Question

starting with a sample of Pure \({ }^{66} \mathrm{cu},(7 / 8)\) of it decays into \(\mathrm{Zn}\), 15 minutes. The half life the sample is (A) \(5 \mathrm{~min}\) (B) \(7.5 \mathrm{~min}\) (C) \(10 \mathrm{~min}\) (D) \(15 \mathrm{~min}\)

Short answer

The half-life of the given sample of Cu-66 is 5 minutes, as determined by using the decay formula and solving for the half-life. The correct option is (A) \(5 \mathrm{~min}\).

Step-by-step solution

Identify the known values

We are given the following values: - Initial amount of Cu-66: \(N_0\) - Amount of Cu-66 remaining after 15 minutes: \((1/8) N_0\), because 7/8 of it decays, so \((1 - (7/8)) N_0 = (1/8) N_0\). - Time elapsed (t): 15 minutes

Plug the known values into the decay formula

Now we will plug these values into the decay formula: \[(1/8) N_0 = N_0 (1/2)^{15/T}\]
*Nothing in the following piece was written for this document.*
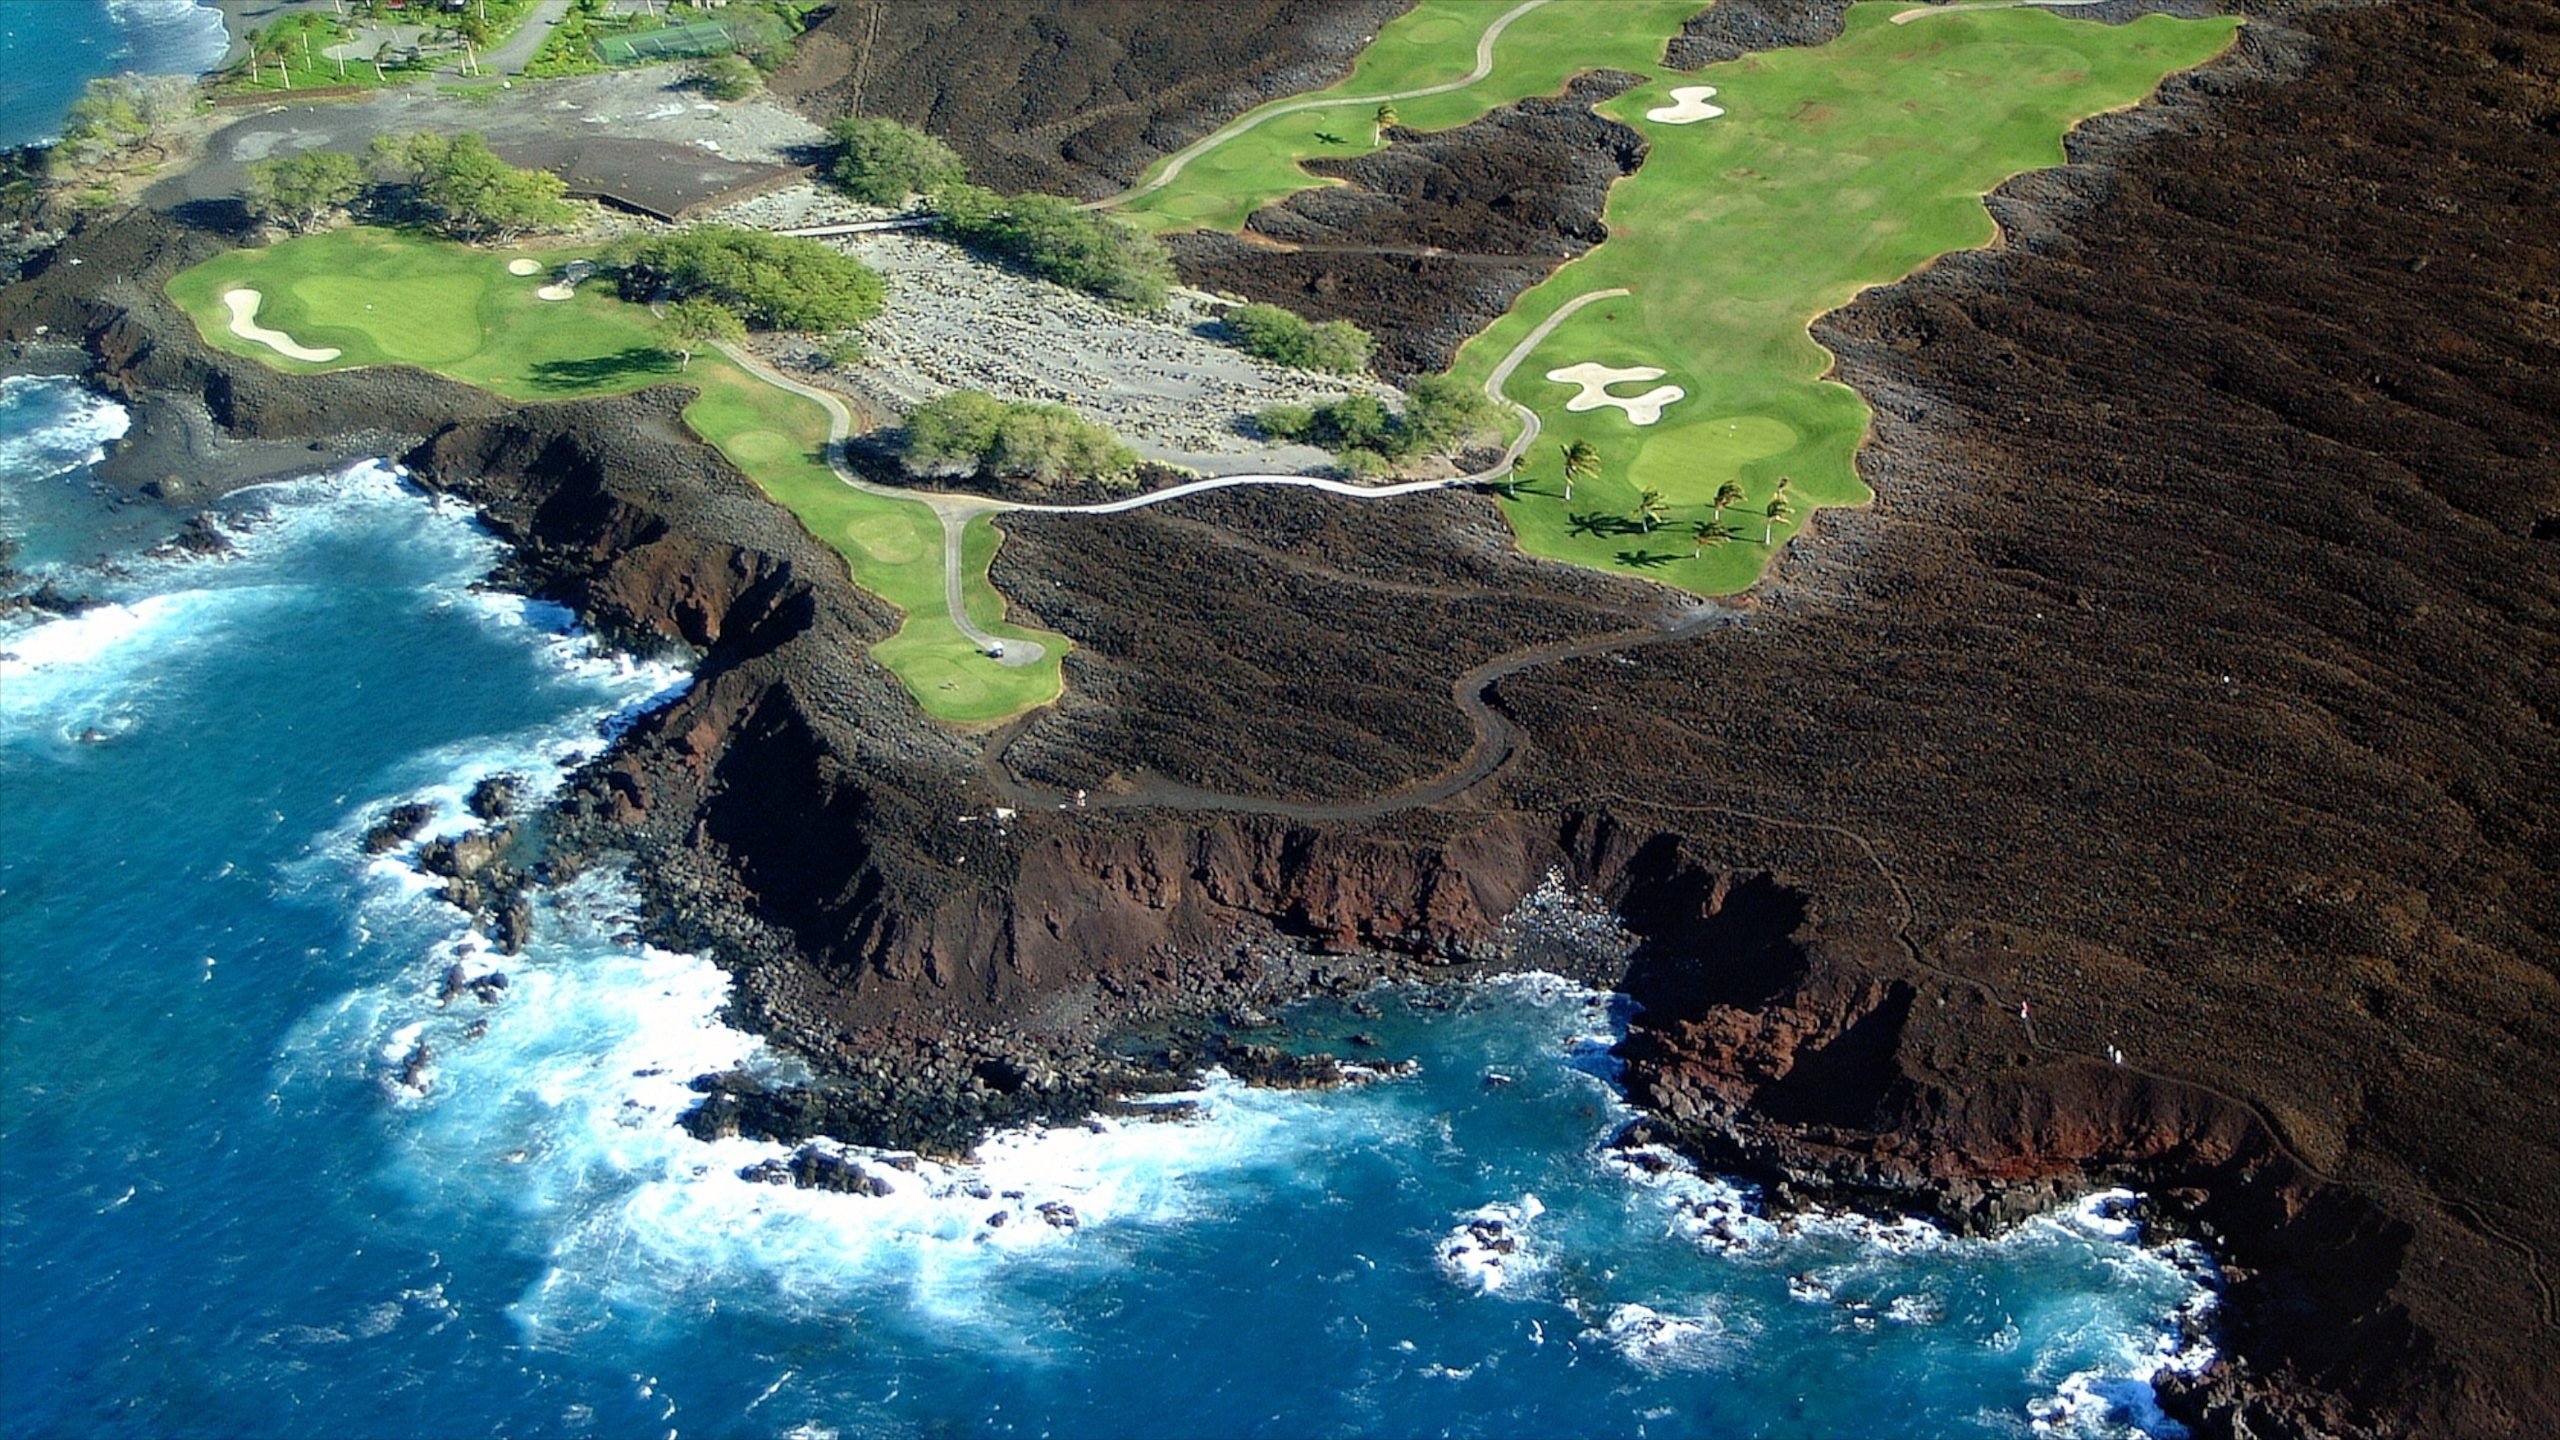 Waikoloa Village, Hawaii, United States of America
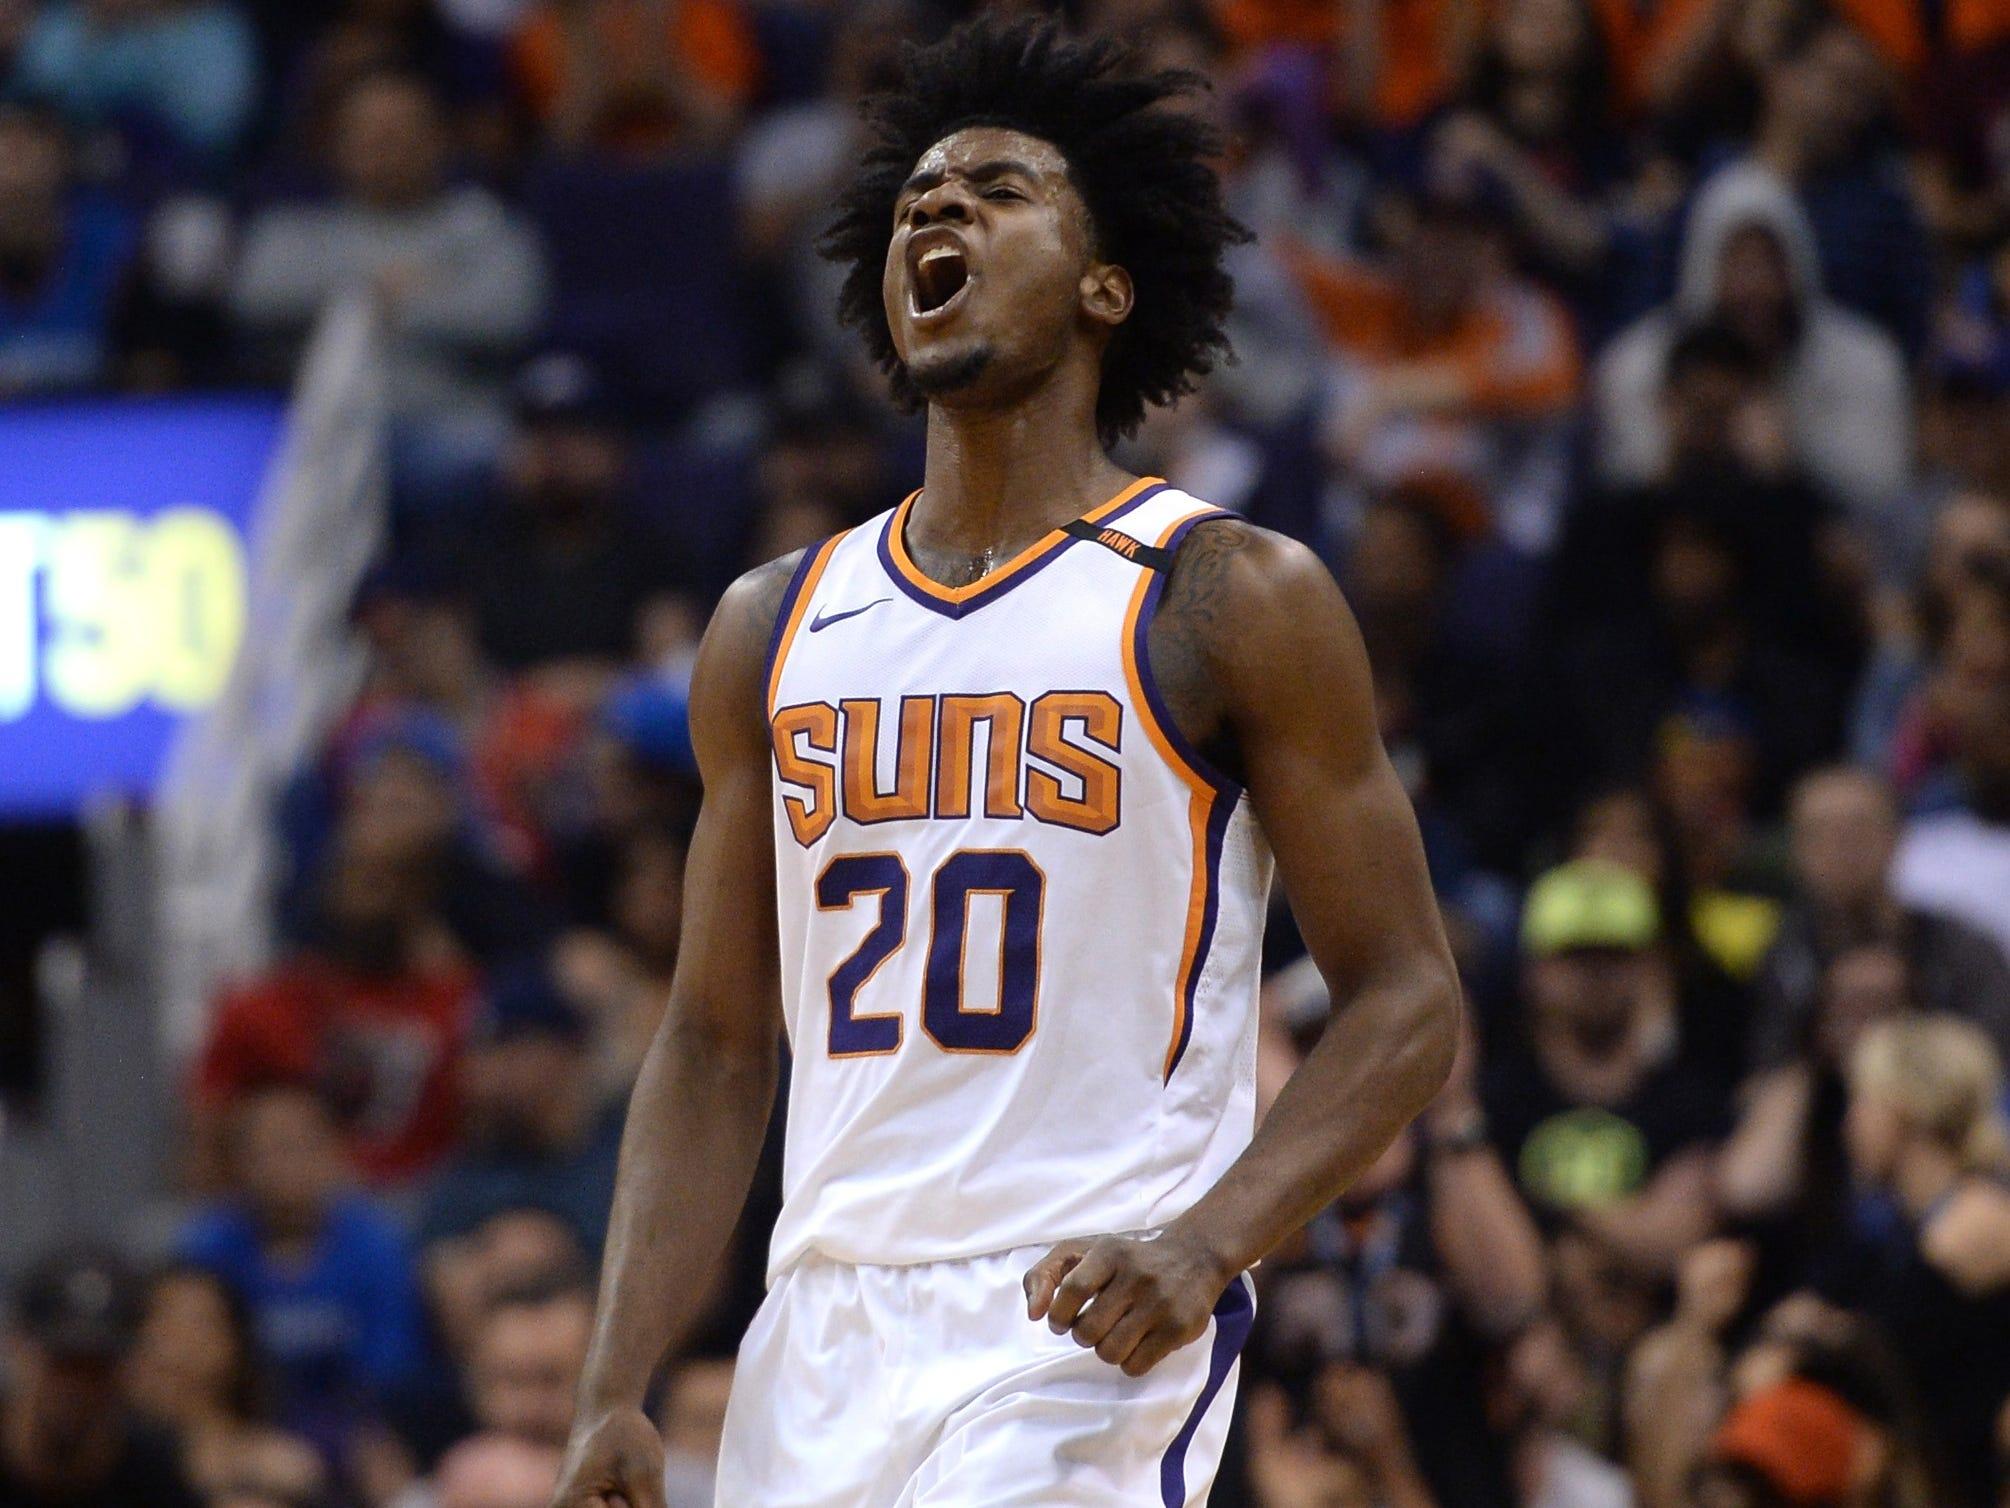 Josh Jackson, Phoenix Suns — 21 (born 2/10/1997)

Solve for the half-life (T)

First, we will cancel \(N_0\) from both sides of the equation, since we are only interested in the half-life. \[(1/8) = (1/2)^{15/T}\] To solve for \(T\), we can take the logarithm of both sides, using the base \(1/2\). So we have: \[\log_{1/2} (1/8) = \frac{15}{T}\] The logarithm on the left side can be simplified: \[\log_{1/2} (1/2)^3 = \frac{15}{T}\] Which gives us: \[3 = \frac{15}{T}\]

Determine the half-life

Now we can solve for \(T\) by multiplying both sides by \(T\) and dividing both sides by 3: \[T = \frac{15}{3}\] \[T = 5\] So, the half-life of the given sample is 5 minutes. The correct option is: (A) \(5 \mathrm{~min}\)